Gara-Gara Sistim Zonasi, Pelajar Ini Berniat Bunuh Diri karena Tidak Bisa Masuk Negeri
Ia berharap pihak DPRD dapat mampu memperjuangkan anak-anak mereka bisa masuk SMA negeri.
Editor: Eko Sutriyanto
Laporan Wartawan Tribun Pontianak Syahroni
TRIBUNNEWS.COM, PONTIANAK - Puluhan orangtua calon murid yang mendaftar di SMA Negeri Pontianak melakukan aksi di DPRD Kalbar mengadukan nasib anak mereka yang tidak bisa masuk SMA negeri.
Mereka diterima anggota DPRD Kalbar, Ermin Elviani, Zulkarnain Sireger dan Mad Nawir, Rabu (26/6/2019).
Bahkan satu di antara orangtua murid, menyampaikan anaknya hingga mau bunuh diri karena tidak bisa masuk SMA negeri.
"Anak saya sudah tiga hari ini tidak mau keluar kamar dan tidak mau makan. Dia frustasi mau bunuh diri karena tidak bisa masuk SMA negeri," ucap satu diantara orangtua murid saat menyampaikan keluhan di DPRD.

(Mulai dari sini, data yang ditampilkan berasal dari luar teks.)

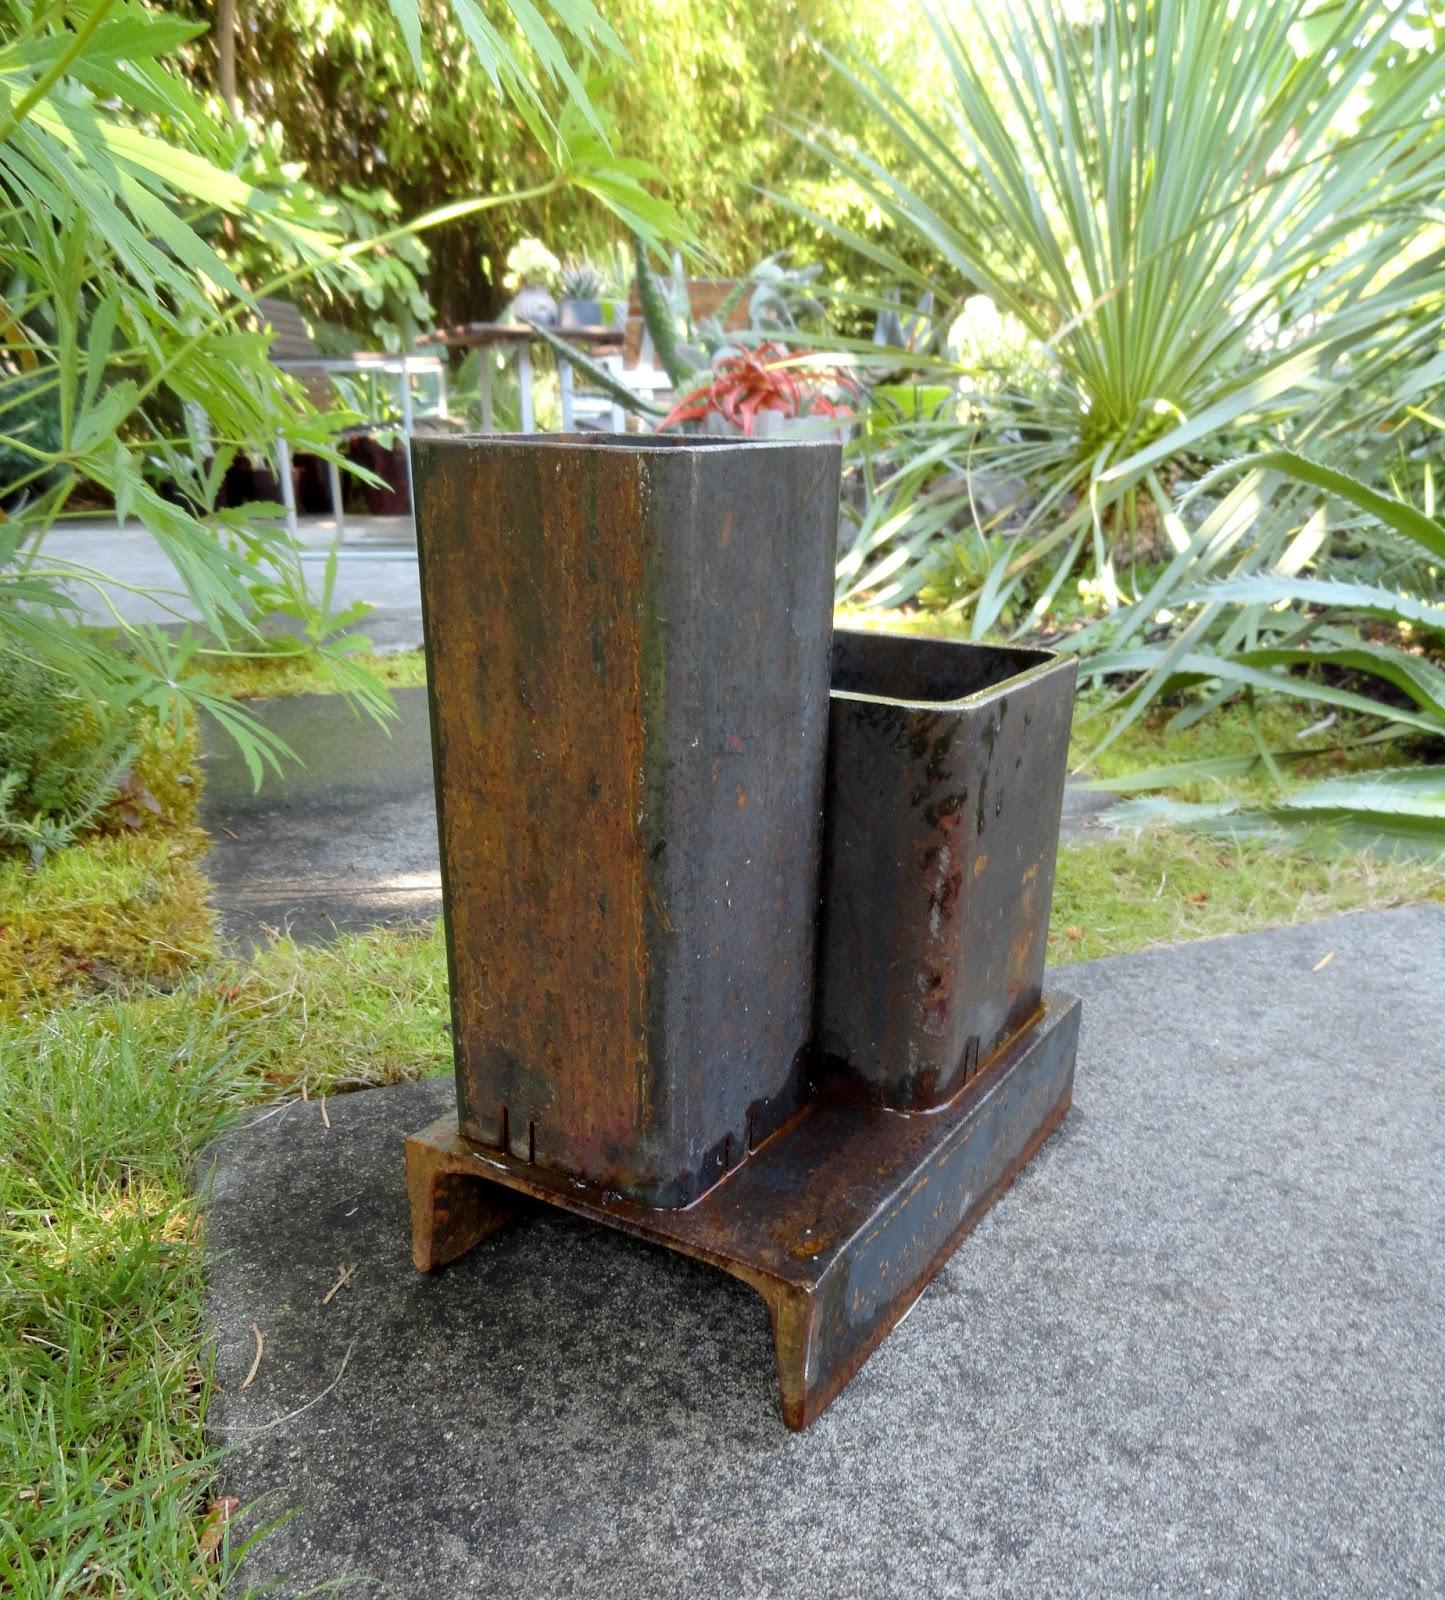 Danger garden cracked pots at mcmenamins edgefield 2017 for Garden pots portland

Ia menceritakan bahwa anaknya mendaftar di SMA 2 Pontianak tapi tidak masuk zona, sedangkan mendaftar di SMA 3 dan SMA lainnya juga sama.
Baca: Selandia Baru Apresiasi Indonesia Cetak Generasi Muda Pertanian Lewat Pendidikan dan Teknologi
"Apalagi SMA yang lainnya, SMA 2 aja ndak bisa masuk, karena zonasi ini. Kami di Pontianak Barat, Sungai Beliung warganya banyak, sekolah negeri hanya satu yaitu SMA 2 saja," ucapnya.
Ia berharap pihak DPRD dapat mampu memperjuangkan anak-anak mereka bisa masuk SMA negeri.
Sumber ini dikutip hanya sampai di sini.